La interpelada continuaba sollozando sin poder decir nada coherente. Luego de un par de minutos en que lo único que pudimos hacer fue abrazarla y tratar de calmarla, descubrí que lo que sostenía entre sus manos era una bufanda tejida de color azul oscuro.

- Yuka, no llores, por favor- suplicó Tomoyo abrazándola- ¿Nos dirá que ocurrió?
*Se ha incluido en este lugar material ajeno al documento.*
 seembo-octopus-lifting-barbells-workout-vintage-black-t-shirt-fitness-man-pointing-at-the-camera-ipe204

Ella volvió a hipar antes de poder pronunciar algo, y lo cierto es que me quedé de piedra al escuchar el nombre salir de su boca.

- Li…- dijo entre más hipidos.

Abrí los ojos de la impresión mientras Tomoyo me miraba igual de sorprendida.

- ¿Qué hay con él?

- Le… le… le h… había hecho esta bufanda como regalo de navidad… y… y… y la rechazó – volvió a sollozar aún más fuerte- dijo que no podía aceptarla…
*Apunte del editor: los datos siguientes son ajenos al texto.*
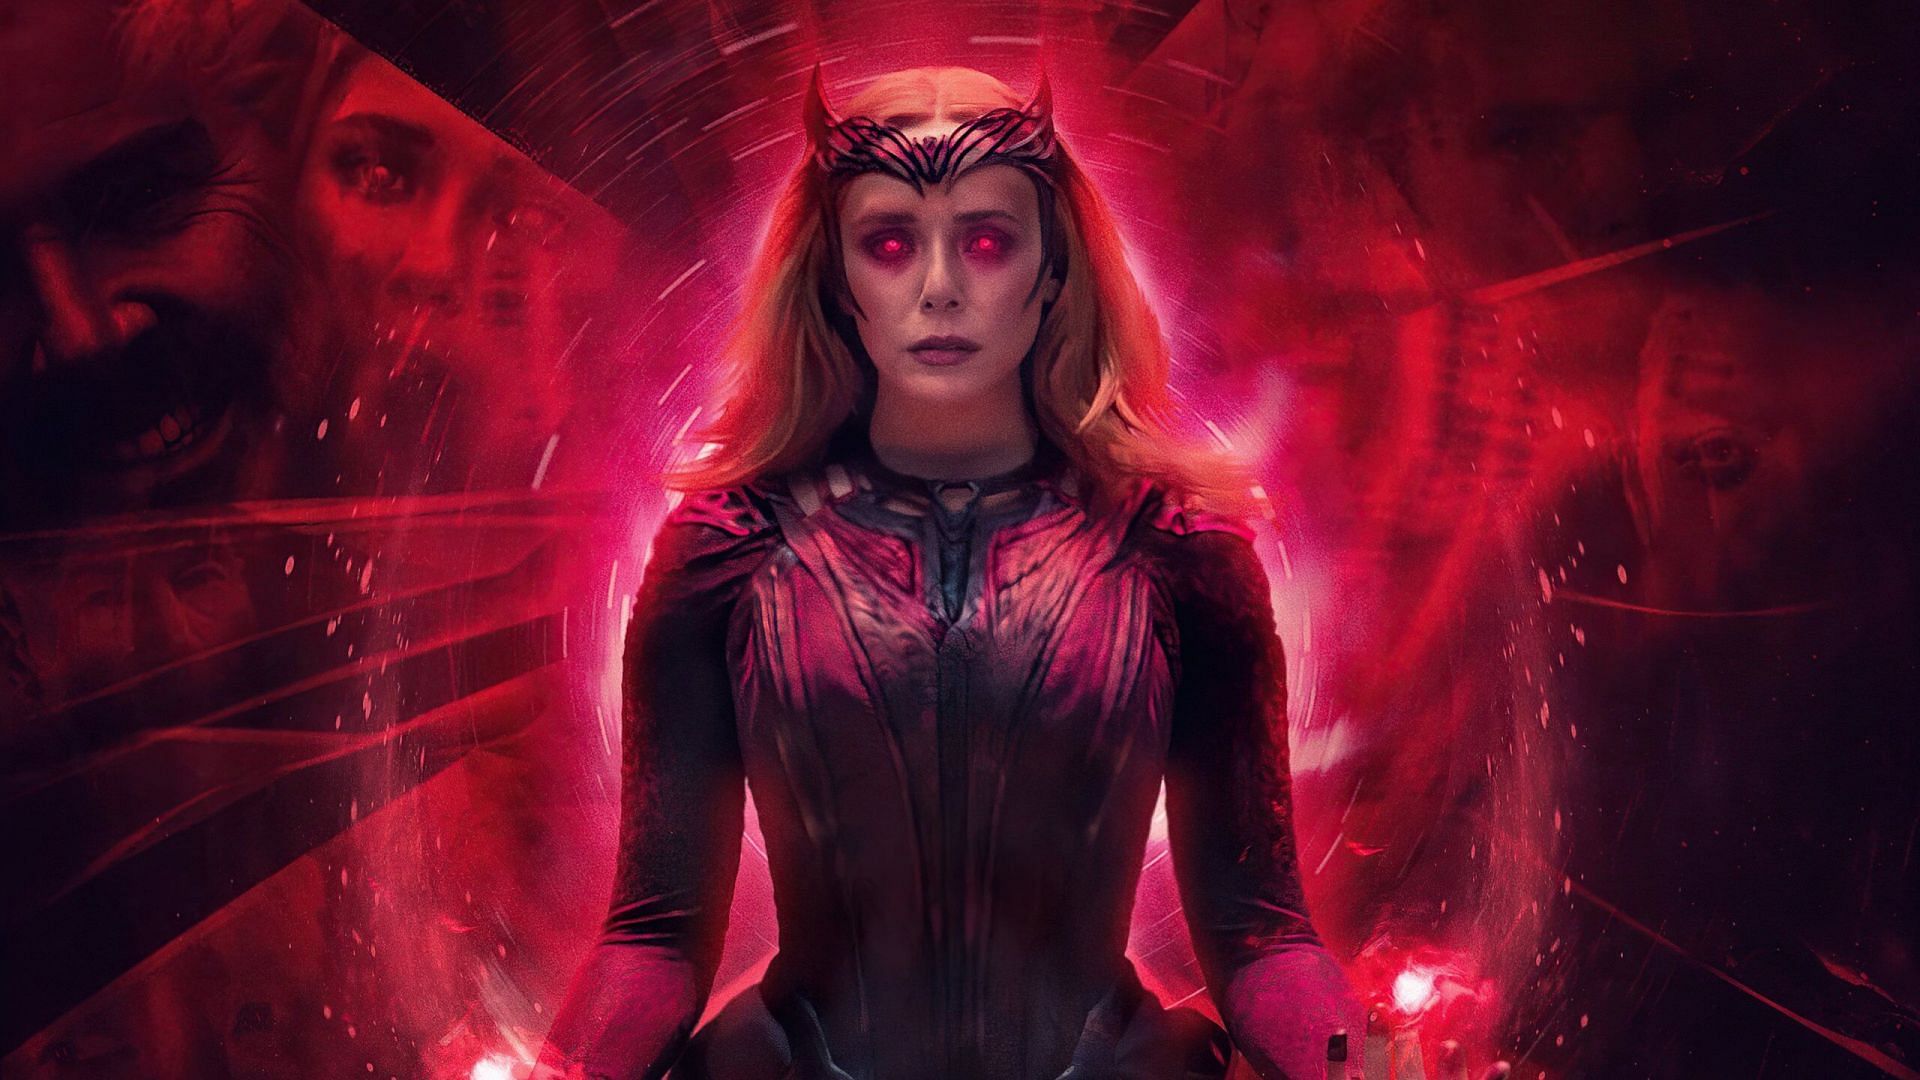 Scarlet Witch invites hate as well as admiration (Image credit Marvel Studios)

Hice un mohín mientra Tomoyo estrechaba cariñosamente a Yuka para reconfortarla. ¿Hasta que punto llegaba la crueldad de Syaoran Li? ¿Qué tanto costaba aceptar el regalo de Yuka?

- ¿Dijo por qué?- me atreví a preguntar, volvieron a producirse hipidos aún más fuertes.

- P…porque no le interesaba recibir nada de… d…. de mi- respondió.

Arrugué el ceño y Tomoyo parecía igual de molesta que yo.

- No hagas caso, Yuka, Li es un pesado- replicó mi amiga, asintiendo yo con la cabeza encontrándole toda la razón.

- Exacto… Li no tiene idea lo que es un gesto tan noble como el regalo que tú le has hecho Yuka, no vale la pena que llores por alguien tan insignifican…

- Kinomoto…

Me quedé de piedra nuevamente, de pronto parecía demasiado irreal que justamente fuera su voz la que oí a mis espaldas en mitad de mi discurso "anti Li", vi cómo Tomoyo tomaba a Yuka y se alejaban antes de atreverme a voltear a verlo, él me miraba con el ceño aún más fruncido, estaba segura que había oído cada una de mis palabras. ¿Qué tanta mala suerte podía albergar una persona como yo en lo que respectaba a Syaoran Li?

- Disculpa por arruinar tu emotivo argumento- comentó irónico, tragué saliva en grueso, era más que obvio que había oído todo. Inmediatamente me sonrojé, sin embargo la mención de mis anterior palabras me hizo recordar el llanto de Yuka y me enfurecí, sí, lo hice.

- No deberías haber sido así de rudo con ella- espeté mirándolo fijamente.

- ¿Y desde cuando te concierne lo que haga yo?

- ¡Ella había hecho esa bufanda para ti!- repliqué ignorando su pregunta.

- ¿Y eso me hace tener la obligación de recibirlo? Kinomoto, si recibiera cada regalo que una chica de esta escuela me da no tendría espacio en mi dormitorio…

Soberbia, egolatría y desdén brotaban de ese desagradable chico frente a mi.

- ¡Eres un pesado! ¿sabías?- exploté sin importarme el que para esas alturas ya tuviésemos publico escuchando nuestra pequeña discusión.

- ¿A si? Y tú una niña exasperante- contra atacó.

- Pues que lástima por ti, Syaoran Li, porque tendrás que soportarme hasta que terminemos el trabajo de Literatura- añadí.

- Vaya a saber lo que habré hecho en mi vida anterior para soportar semejante tortura.

Entrecerré los ojos y lo miré furiosa.

- Pues créeme que trabajar con un ogro ceñudo e idiota no es un placer para mi tampoco.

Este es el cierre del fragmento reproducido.